I have 50+ hours with Motorfest and I still enjoy it, even though the grind to get the best parts is becoming tedious, but Grand Races and Demolition Royale is great fun, and the weekly Summit challenges definitely gives longevity.
I really do think Motorfest did some stuff better than Forza Horizon (for gameplay variety and progression) and NFS Unbound (mostly for the online game mode). I also had a good fun with 2K Drive, but its online mode was barebones af.
I hate the always online requirement in many racing games nowadays. I have Crew Motorfest, Gran Turismo 7, Etc, but the always online is something i put up with, rather than enjoy
I agree with all points with the exception of one, the getting rid of/not forcing open worlds. I don't think it would work in the current scene of car culture because most will want to cruise around with friends, drift wherever they want, take photos whenever and wherever, and a few other reasons.

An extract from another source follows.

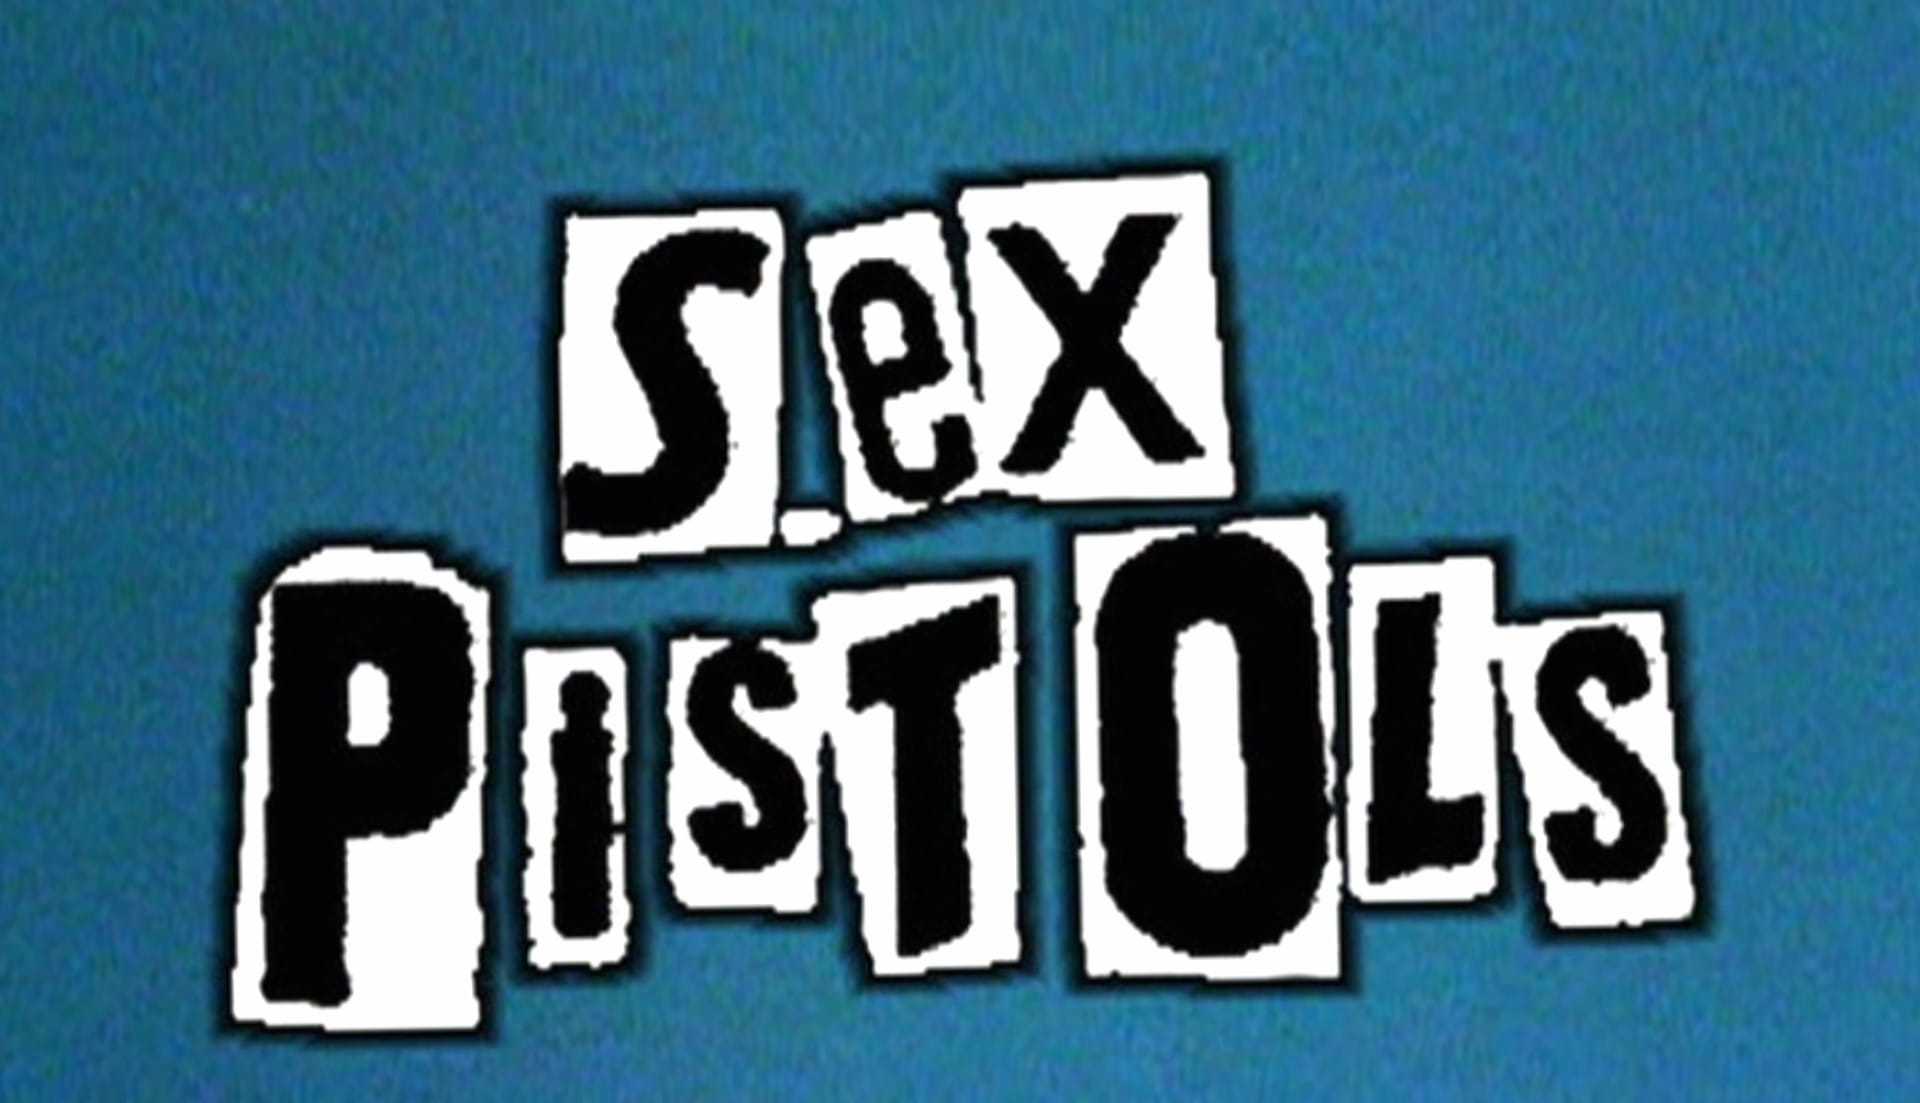 Sex Pistols at 1024 x 1024 iPad size wallpapers HD quality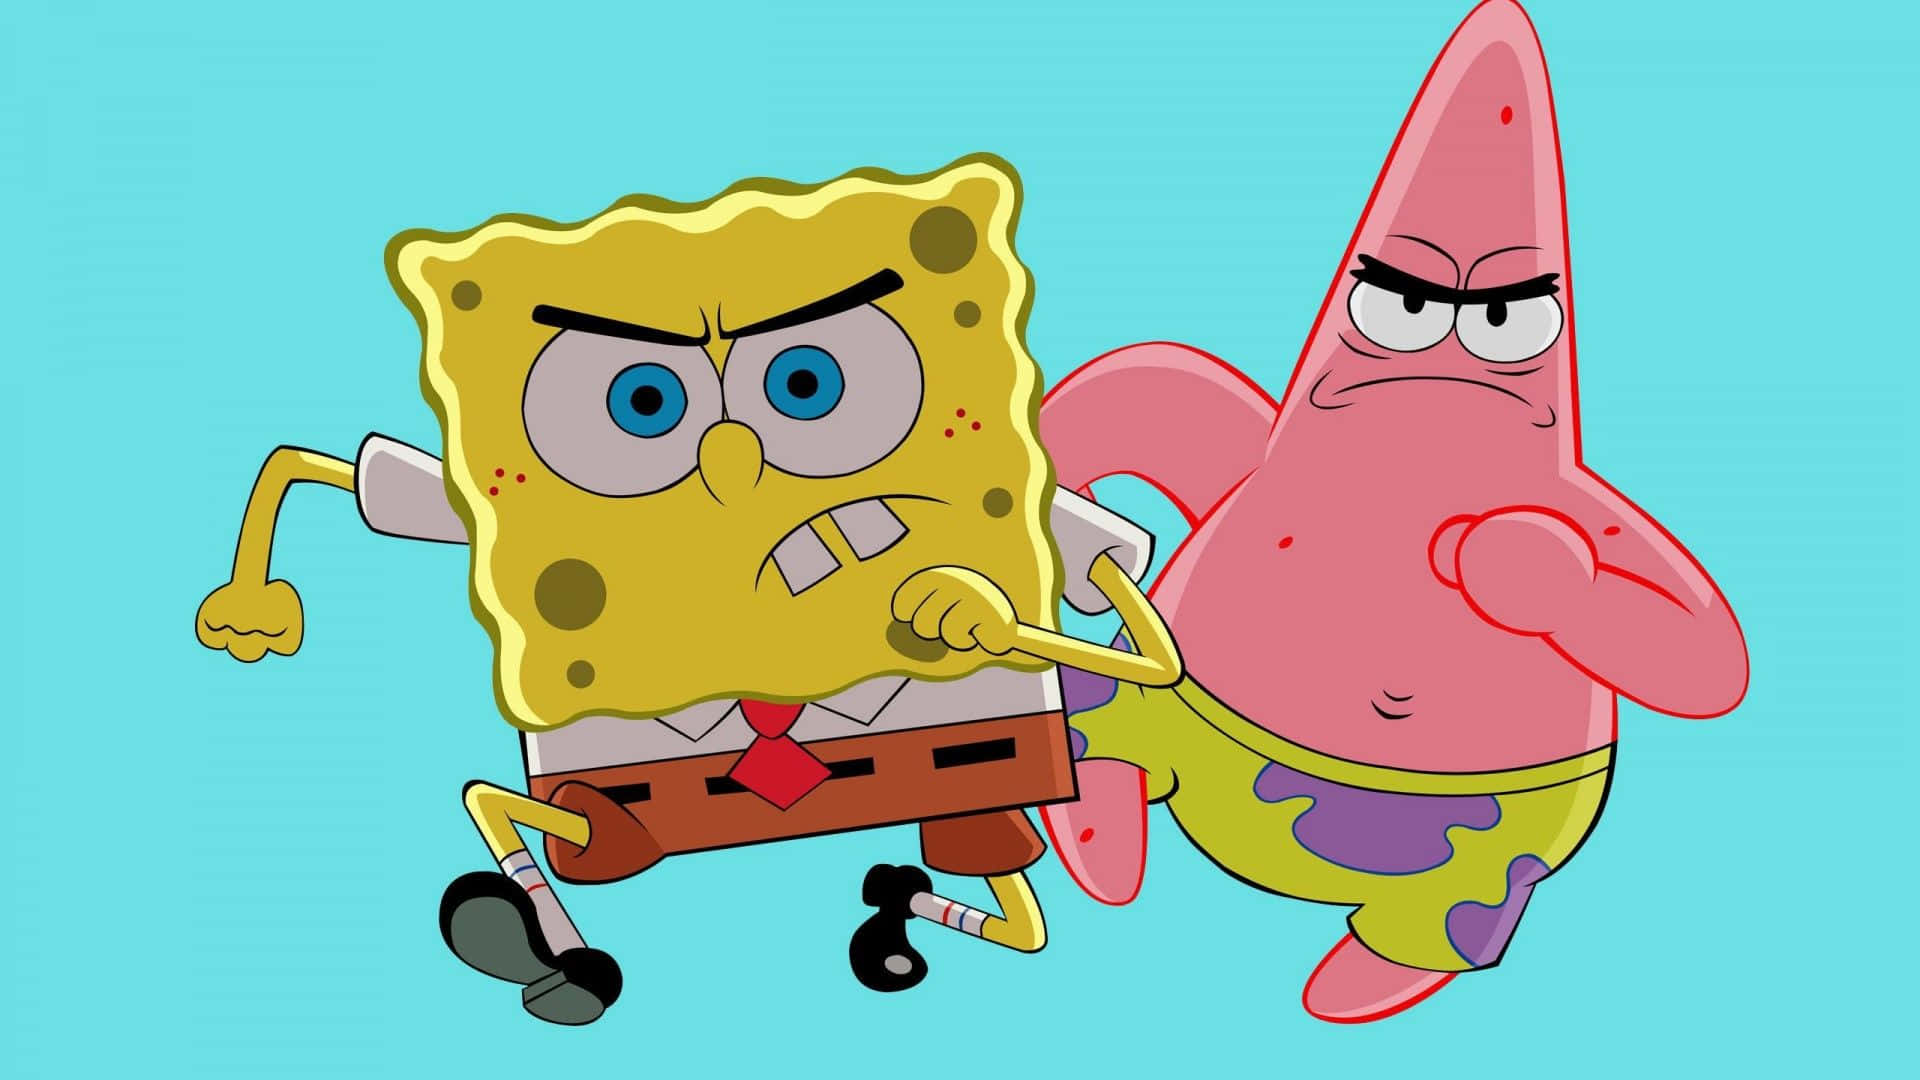 funny spongebob and patrick moments

Arcade track racers are dead and I think it's because they don't have an open world. GRID and DIRT have great original and real tracks to drive around but the games are mostly forgotten and I don't think it's because of the physics being a bit wonky or because some features are buggy or missing from previous titles.
While I personally love arcade track racers and don't mind games without an open world, I don't think the majority of people will appreciate that.
Loved the ideas though, keep them coming!
Nah they are still good. Open worlds SUCK.